**Dataset content:**
________________________________________

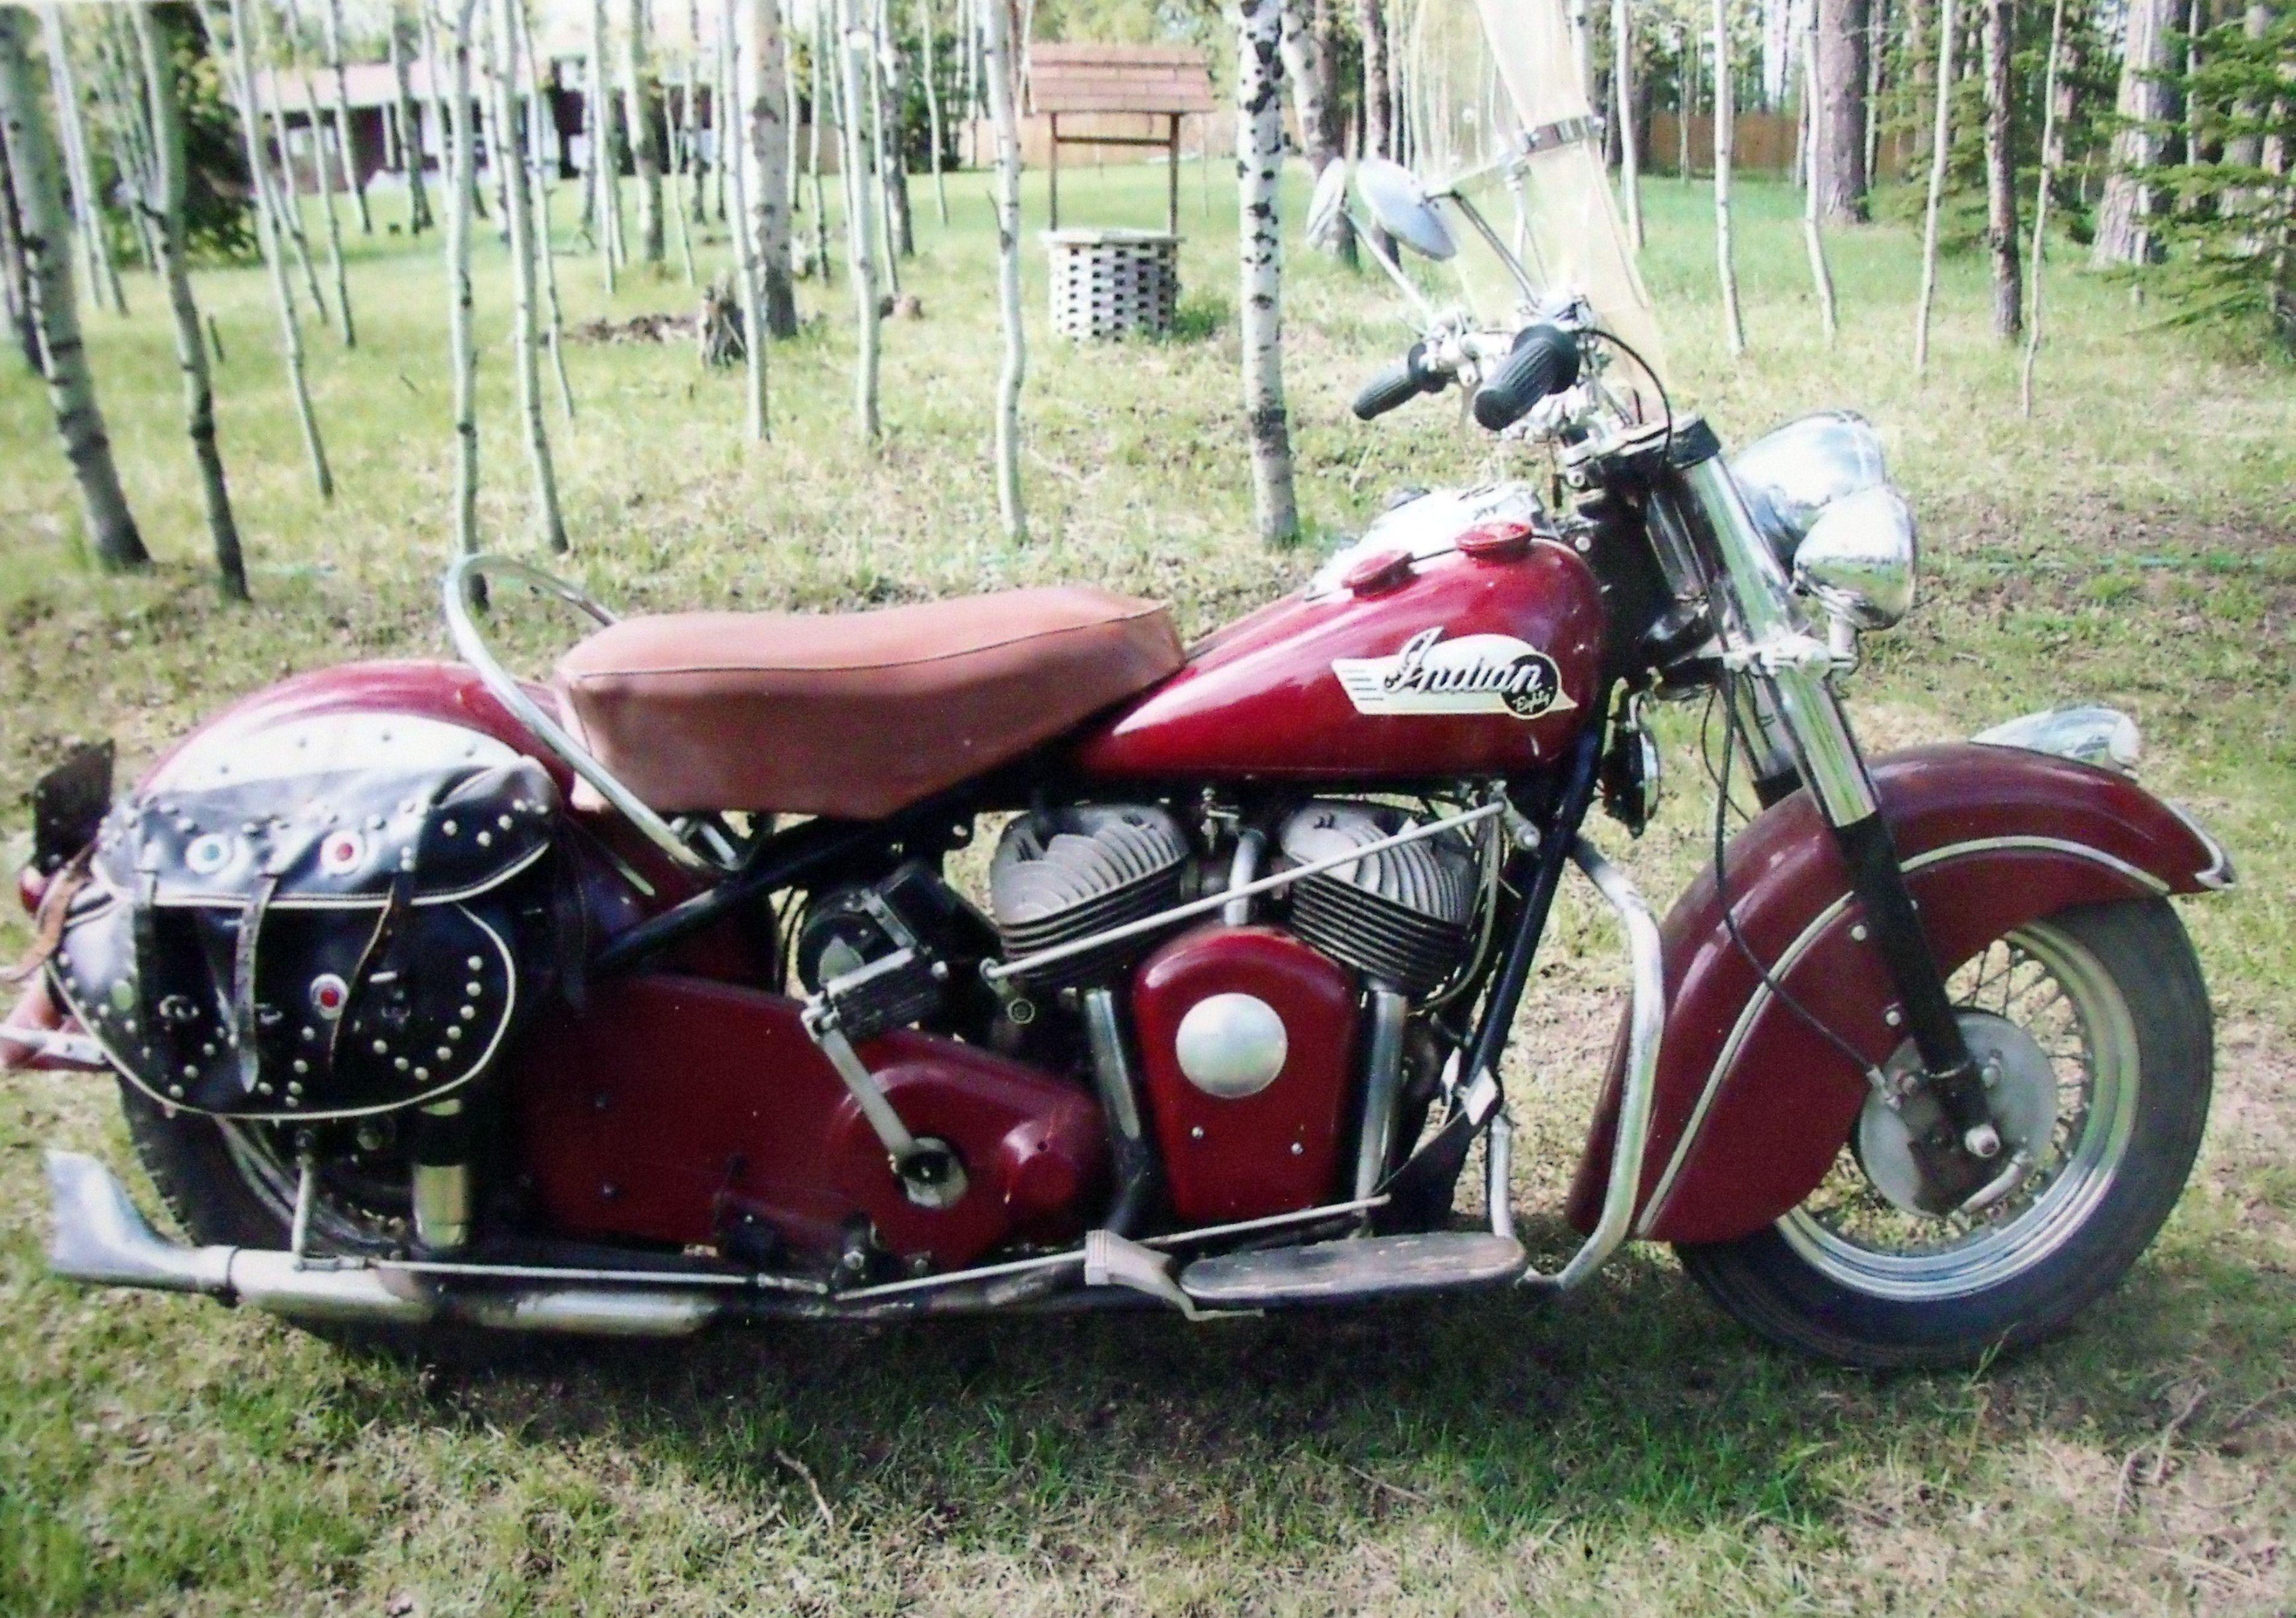 Pin On Motorcycles Circa 1950s
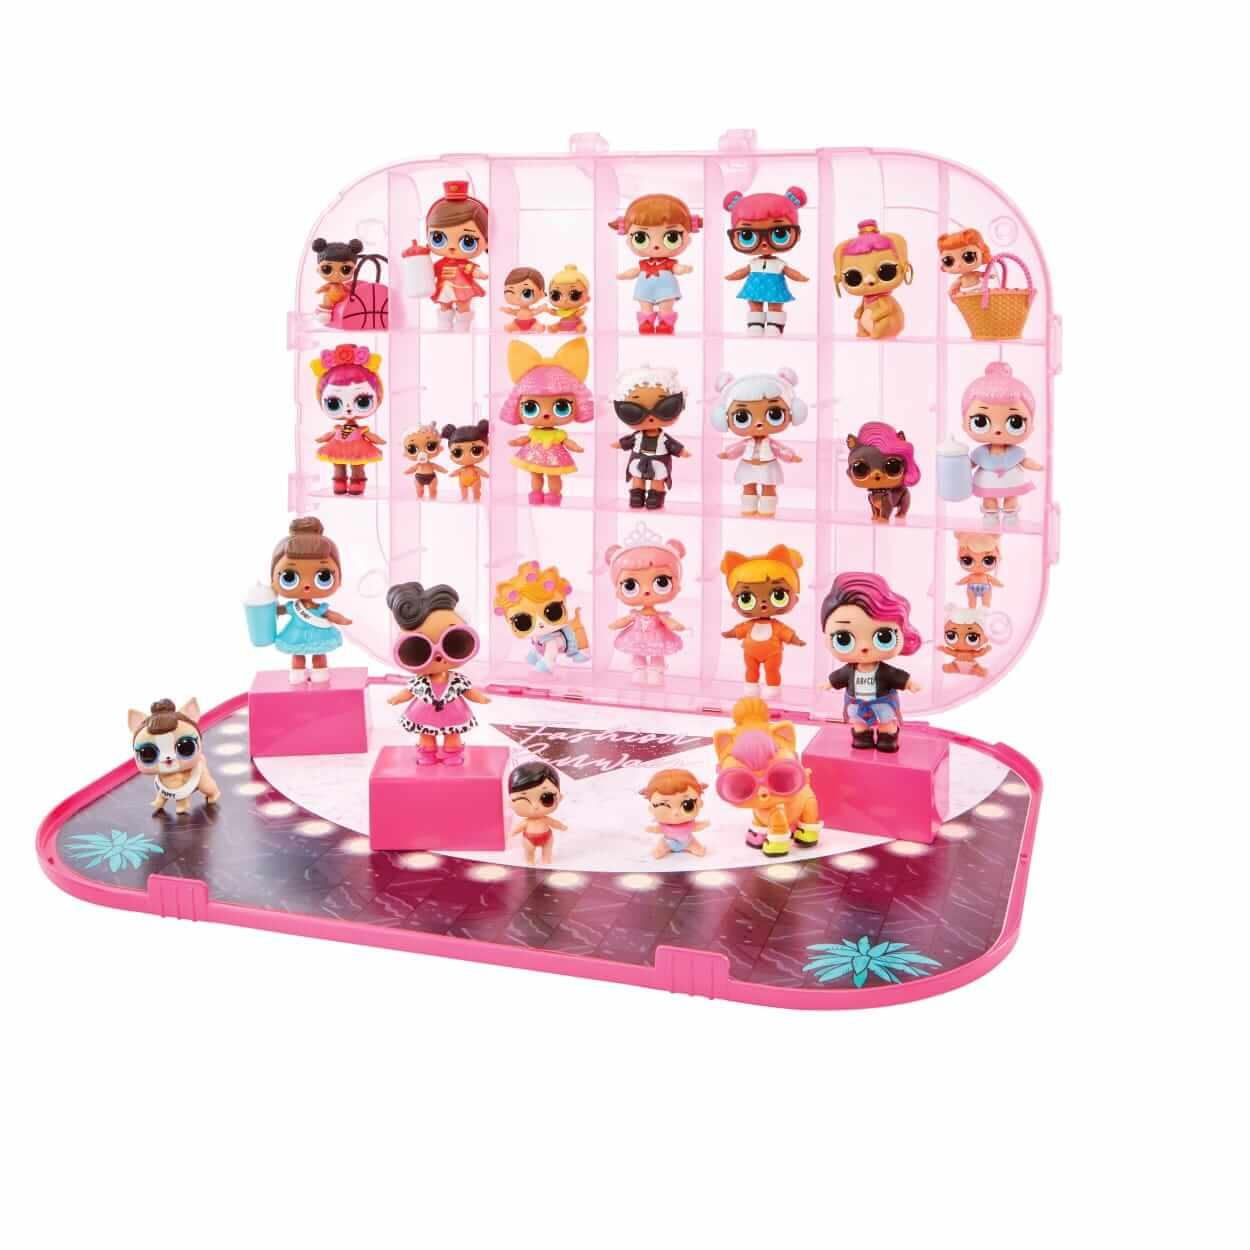 L.O.L. Surprise Fashion Show On-The-Go Hot Pink Storage & Playset. Кейс для хранения кукол ЛОЛ
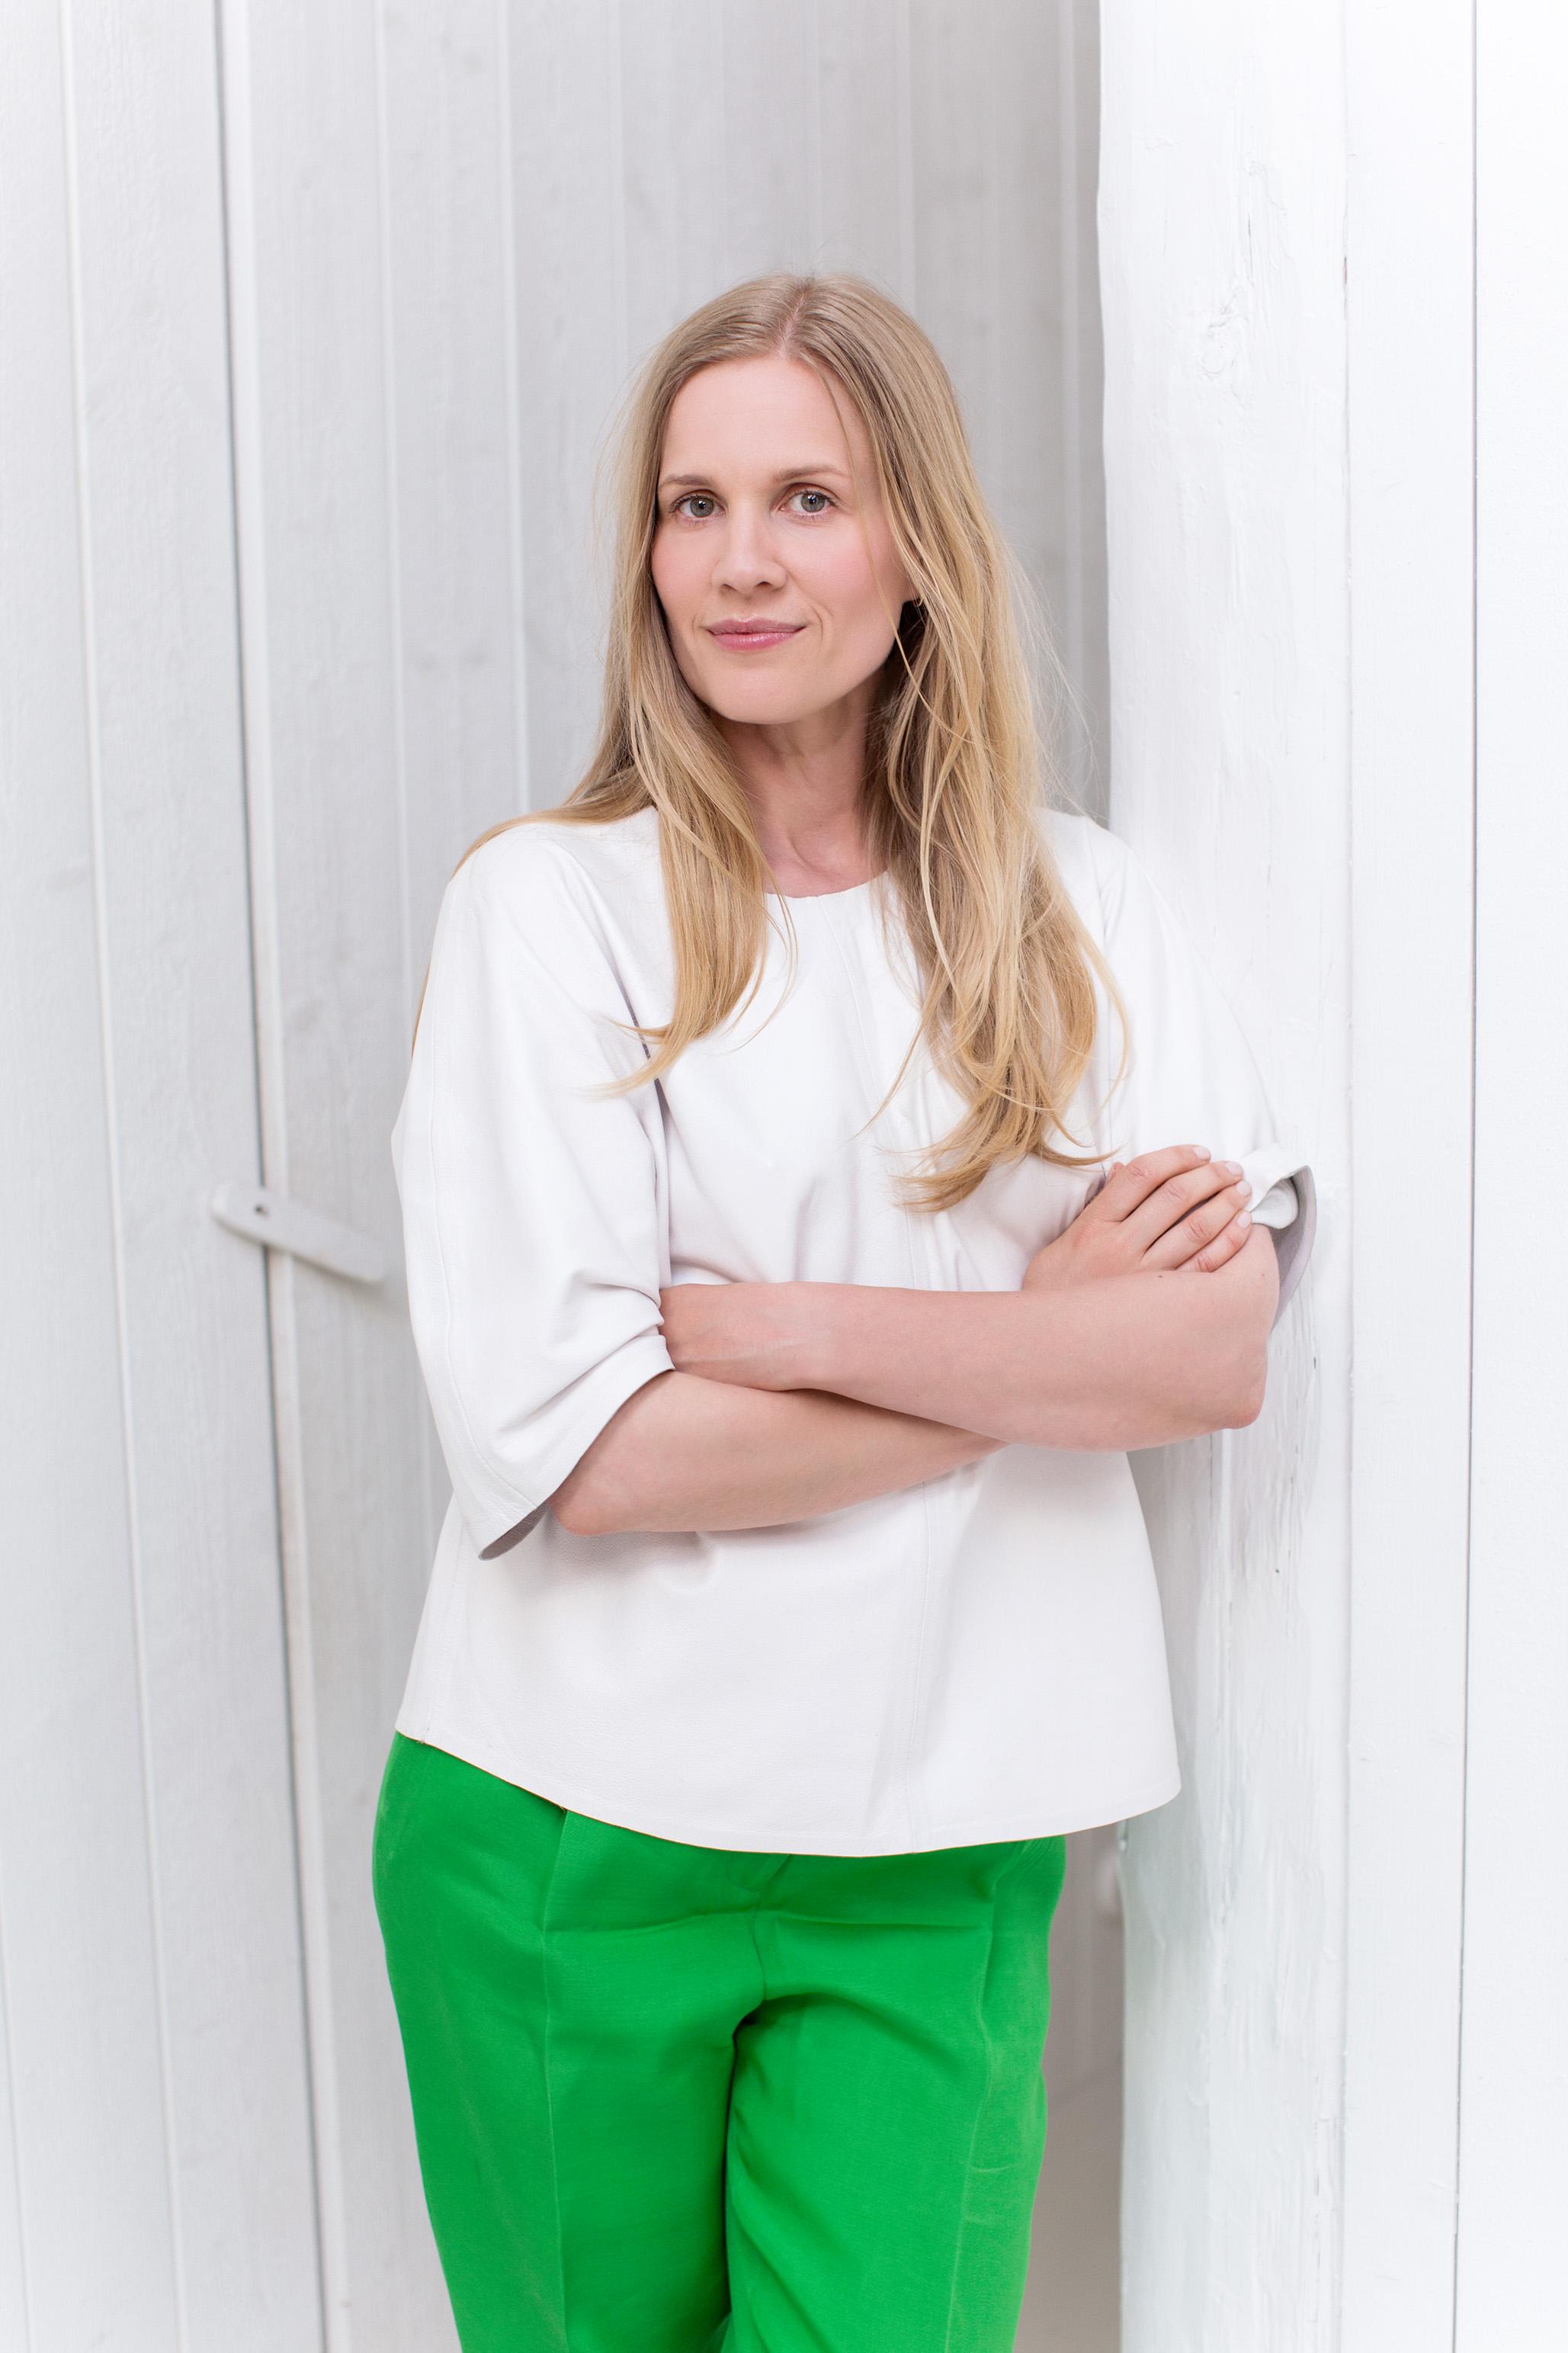 Linda Bergroth. Image: Paavo Lehtonen.

________________________________________

**Problem statement:** Go through the material above and print all of it exactly, except the pictures.

**Solution to the problem:**
 Pin On Motorcycles Circa 1950s
 L.O.L. Surprise Fashion Show On-The-Go Hot Pink Storage & Playset. Кейс для хранения кукол ЛОЛ
 Linda Bergroth. Image: Paavo Lehtonen.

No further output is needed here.